Tuesday, February 15, 2005

From blog member Samer al-Batal



Former Lebanese prime minister Rafeeq il-Hareeri assassinated
Samer wrote all of the following: This was carried out by technically sophisticated professionals and was well organised. The explosion was tremendous, creating a crater metres deep and metres wide due to an estimated hundreds of kilograms of explosives being used.

This is very serious news for the country, and for Syria as well. First and foremost, I make an earnest request to blog readers to pray for Lebanon, as this assassination crosses all red lines and, I'm afraid to say, can only mark the start of an escalating deterioration of stability in the country, as the strength and outrage of the opposition makes clear. The army is now on full alert, and both the French president and the Lebanese opposition in the person of MP Bassem Sabaa have called for an international investigation, with the latter holding the Syrian and Lebanese governments (the latter is seen by many Lebanese as an extension of the former) responsible for Hareeri's death.

People have to understand the man of power, influence, achievement, and longevity (about ten years as prime minister – most of the post-war years), that Mr. Hareeri was on the public stage for so long a time. Lebanon was a land of political assassinations during the war, but with much fewer occurences following its conclusion. Despite this history, I don't think anyone expected Hareeri of all individuals to fall as the primary target of the most serious assassination operation since the years of civil conflict. It is a very shocking event; to quote from the Christian Science Monitor:

"Hariri was the most visible, most influential Lebanese figure around the world," says Farid Khazen, professor of politics at the American University of Beirut. "It's the first major peacetime political assassination. This is as far as you can go when you target someone of Hariri's stature. This has broken taboos."
People are trumpeting about the threat of a new civil war. I personally do not think this is very exaggerated. After this travesty of an act, the country can only find itself in a state approaching such. A difficult period lies ahead.

It is natural that most are considering Syria to be the likely culprit. A group, never heard of until now, has claimed responsibility in footage from al-Jazeera, suggesting a motive resulting from Hareeri's famous Saudi connexions.
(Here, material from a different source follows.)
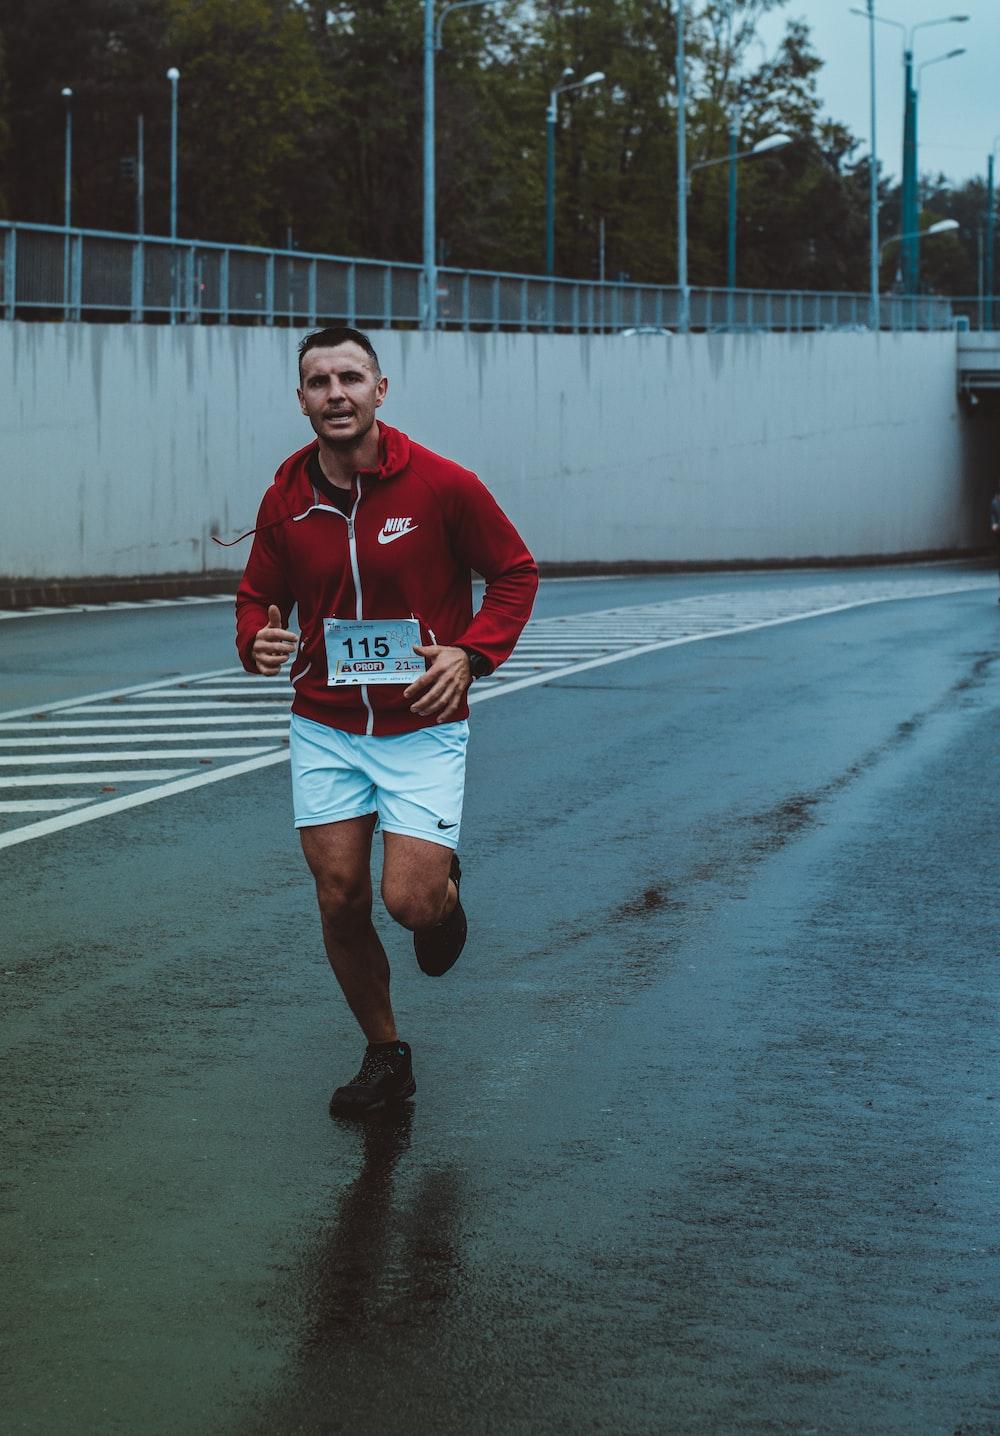 man running during daytime

It is too outlandish, and the timing of the act, committed at a time when pressure on Syria had been mounting and threats against it rising, after Hareeri had joined the opposition bloc, and in anticipation of the coming parliamentary elections and the former prime minister's future role in them hints at an operation that was planned precisely because of the international and domestic political situations that have arisen.

That Syria may have a role in this or is even the likeliest suspect is not at all unusual, but it still begs the question: why would Syria commit an act that would only result in disastrous consequences and serious harm to itself? Washington would (and will) certainly use this incident to its own advantage, and Syria would court the threat of an even more solid opposition and the danger of outside force and the world's condemnation. But no matter who the guilty party is, it is Syria that inevitably will bear the responsibility of what happened. There are other parties and groups that could be suspect, and right now things are not fully clear. Syria's blunder in extending President Lah'houd's term and antagonising the Lebanese had unfortunately triggered a domino effect that has cost it more than what must have been expected. Thanks to the events and results that have followed since, the passing of a UN resolution against Syria with backing by the French, a more vocal Lebanese opposition with strong statements made by important people such as Mr Waleed Jumblaat and enjoying support by the late prime minister, and the resignation of members of government, Hareeri's death will now hit back at Syria with much more force. The Americans will be more emboldened in threatening Syria and taking action, following their policy of interventionism.

Below are important entries and some professional commentary from Syria Comment:

Syrian reactions to Hariri’s assassination

NY Times, White House and press-secretary interview

The Lebanese battleground


Again, please offer fervent prayers for peace in the region and in Lebanon.